The parties to most international Internet legal disputes claim jurisdiction outside of the United States and, therefore, argue for the application of non-American law. These cases have resulted in a significant amount of publicity but little economic impact.


In Dow Jones v. Gutnick, the High Court of Australia allowed an Australian to bring a defamation suit for an Internet article published on an American server, but down-loaded in Australia. The Australian court unanimously decided that Gutnick had the right to sue for defamation at his primary residence. In doing so, the court effectively allowed plaintiffs in Australia to sue any defendant, regardless of location, for defamatory statements published on the Internet.


In Bangoura v. Washington Post, a Canadian trial court's decision to allow an Internet-based defamation claim against an American company was reversed on appeal. Similarly, in an Italian case, In re Moshe D., the decision of a lower tribunal -- holding it had jurisdiction over foreign-based Internet sites containing defamatory material because end-users connect from within Italy's territories -- was overturned. Prior to the reversal, the case resulted in world-wide Internet jurisdiction for Italian courts.


The Lewis v. King, an English court allowed a libel action for two texts stored on Web sites based in California. In Copiepresse v. Google, a Belgian court ordered Google to remove from its Google News service and from Google's cache servers articles and photographs extracted from the daily French and German-language press published in Belgium. By failing to obtain consent from the Belgian publishers, the court decided that Google infringed the copyright and database right in the content displayed on Google News.


While some courts have applied their own law to international Internet legal disputes, others have applied American law. Two choice-of-law cases, GlobalSantaFeCorp. v. Globalsantafe.com and Barcelona.com, Inc. v. Excelentisimo Ayuntamiento de Barcelona, concerned the application of U.S. trademark law to transnational Internet domain name disputes. Another, Yahoo!, Inc. v. La Ligue Contre Le Racisme et L'Antisémitisme, addressed whether a French judgment about Internet content accessible in France should be recognized by a U.S. court. In all three cases, the foreign courts applied American law.

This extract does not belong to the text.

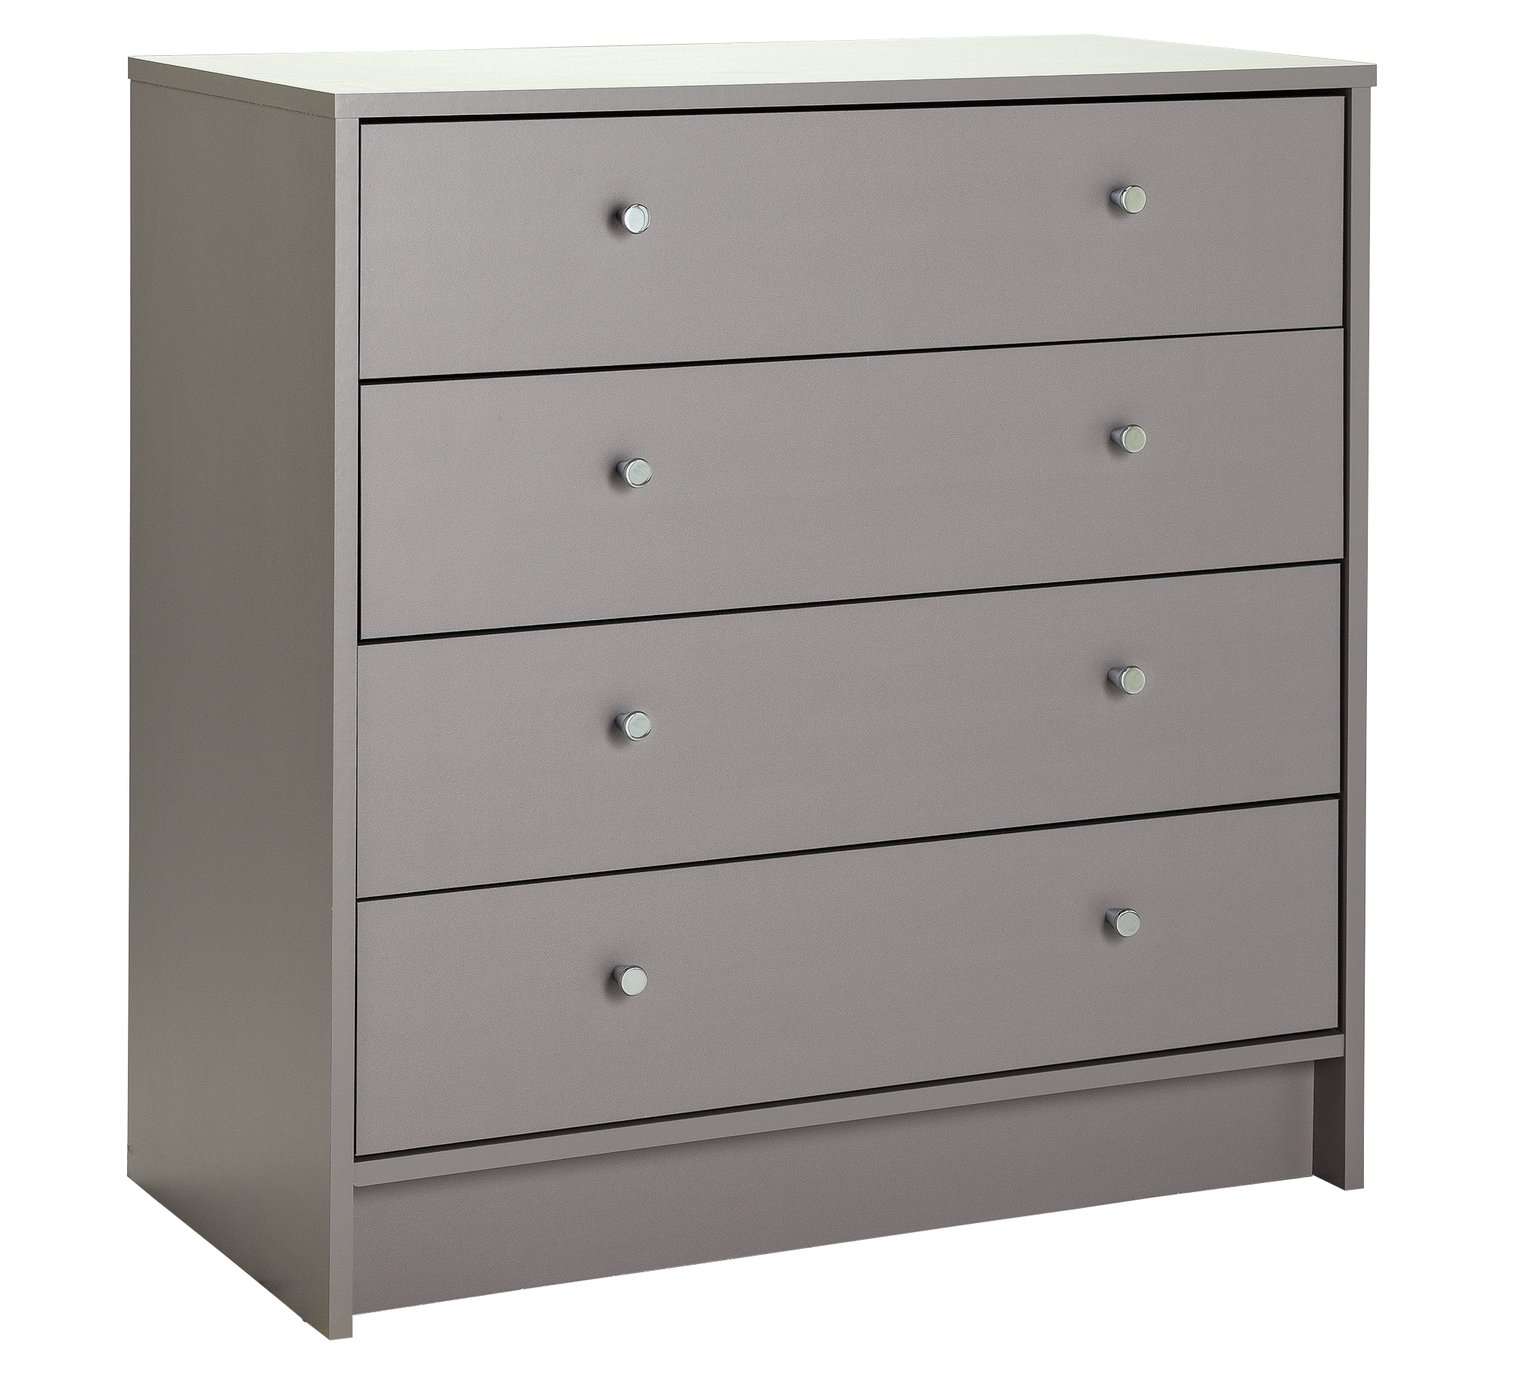 Argos Home Malibu 4 Drawer Wide Chest review

Finally, the United States has allowed the World Court to apply the World Trade Organization's General Agreement on Trade in Services (GATS) to American Internet anti-gambling statutes. As a result, Antigua convinced the World Court that the United States statutes preventing Americans from engaging in Internet gambling trade off-shore was unlawful. It should be noted that thus far, the United States has not complied with the World Court decision ordering it to cease and desist interfering with the Antiguan government's right to sanction and facilitate Internet gambling operations in its own country.